**Exercise details**
Stop after the line that contains "David B. La Duke's grave"; until then, restate each line of the entries word for word from the very first.
--- --- ---
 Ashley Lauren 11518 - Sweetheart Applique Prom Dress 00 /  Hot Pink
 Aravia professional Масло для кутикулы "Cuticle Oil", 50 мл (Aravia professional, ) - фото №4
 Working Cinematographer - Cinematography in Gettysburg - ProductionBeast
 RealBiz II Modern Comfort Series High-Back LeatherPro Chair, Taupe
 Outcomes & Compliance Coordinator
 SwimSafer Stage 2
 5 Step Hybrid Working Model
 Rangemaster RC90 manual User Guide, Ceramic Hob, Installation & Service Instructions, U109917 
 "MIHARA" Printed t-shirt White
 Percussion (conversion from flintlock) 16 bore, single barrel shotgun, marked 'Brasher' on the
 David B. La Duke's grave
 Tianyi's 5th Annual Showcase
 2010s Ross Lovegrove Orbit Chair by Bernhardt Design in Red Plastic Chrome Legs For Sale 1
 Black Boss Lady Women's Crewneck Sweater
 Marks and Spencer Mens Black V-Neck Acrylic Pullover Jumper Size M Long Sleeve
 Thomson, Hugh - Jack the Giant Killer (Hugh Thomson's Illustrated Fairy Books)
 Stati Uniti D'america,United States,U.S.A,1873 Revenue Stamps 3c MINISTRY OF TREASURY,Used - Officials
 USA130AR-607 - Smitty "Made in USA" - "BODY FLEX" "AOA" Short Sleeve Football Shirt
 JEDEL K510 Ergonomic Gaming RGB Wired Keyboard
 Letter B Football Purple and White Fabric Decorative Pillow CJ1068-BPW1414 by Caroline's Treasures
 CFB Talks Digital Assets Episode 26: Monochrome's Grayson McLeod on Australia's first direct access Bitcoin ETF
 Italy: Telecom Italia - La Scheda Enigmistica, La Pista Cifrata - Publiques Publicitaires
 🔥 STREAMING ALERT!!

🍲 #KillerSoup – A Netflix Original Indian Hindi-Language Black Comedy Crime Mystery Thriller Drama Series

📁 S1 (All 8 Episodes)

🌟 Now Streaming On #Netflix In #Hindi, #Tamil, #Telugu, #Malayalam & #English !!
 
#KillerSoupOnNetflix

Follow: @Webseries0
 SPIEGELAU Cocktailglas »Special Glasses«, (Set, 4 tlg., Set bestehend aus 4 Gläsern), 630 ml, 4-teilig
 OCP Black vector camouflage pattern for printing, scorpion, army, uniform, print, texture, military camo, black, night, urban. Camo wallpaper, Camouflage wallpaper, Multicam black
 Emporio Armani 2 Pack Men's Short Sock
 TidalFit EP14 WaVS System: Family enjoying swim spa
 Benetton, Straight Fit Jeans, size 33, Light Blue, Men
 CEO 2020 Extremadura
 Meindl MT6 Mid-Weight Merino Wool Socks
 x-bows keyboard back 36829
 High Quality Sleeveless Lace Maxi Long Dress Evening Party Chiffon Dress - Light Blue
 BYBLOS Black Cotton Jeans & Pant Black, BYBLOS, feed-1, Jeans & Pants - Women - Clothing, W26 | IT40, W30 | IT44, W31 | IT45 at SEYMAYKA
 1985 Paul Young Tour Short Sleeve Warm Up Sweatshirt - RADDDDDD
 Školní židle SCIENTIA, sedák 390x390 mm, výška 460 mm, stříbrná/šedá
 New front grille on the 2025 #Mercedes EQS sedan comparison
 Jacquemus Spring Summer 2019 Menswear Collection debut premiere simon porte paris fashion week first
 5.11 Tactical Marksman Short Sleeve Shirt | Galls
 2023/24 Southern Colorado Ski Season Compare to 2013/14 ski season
--- --- ---
**Exercise solution**
 Ashley Lauren 11518 - Sweetheart Applique Prom Dress 00 /  Hot Pink
 Aravia professional Масло для кутикулы "Cuticle Oil", 50 мл (Aravia professional, ) - фото №4
 Working Cinematographer - Cinematography in Gettysburg - ProductionBeast
 RealBiz II Modern Comfort Series High-Back LeatherPro Chair, Taupe
 Outcomes & Compliance Coordinator
 SwimSafer Stage 2
 5 Step Hybrid Working Model
 Rangemaster RC90 manual User Guide, Ceramic Hob, Installation & Service Instructions, U109917 
 "MIHARA" Printed t-shirt White
 Percussion (conversion from flintlock) 16 bore, single barrel shotgun, marked 'Brasher' on the
 David B. La Duke's grave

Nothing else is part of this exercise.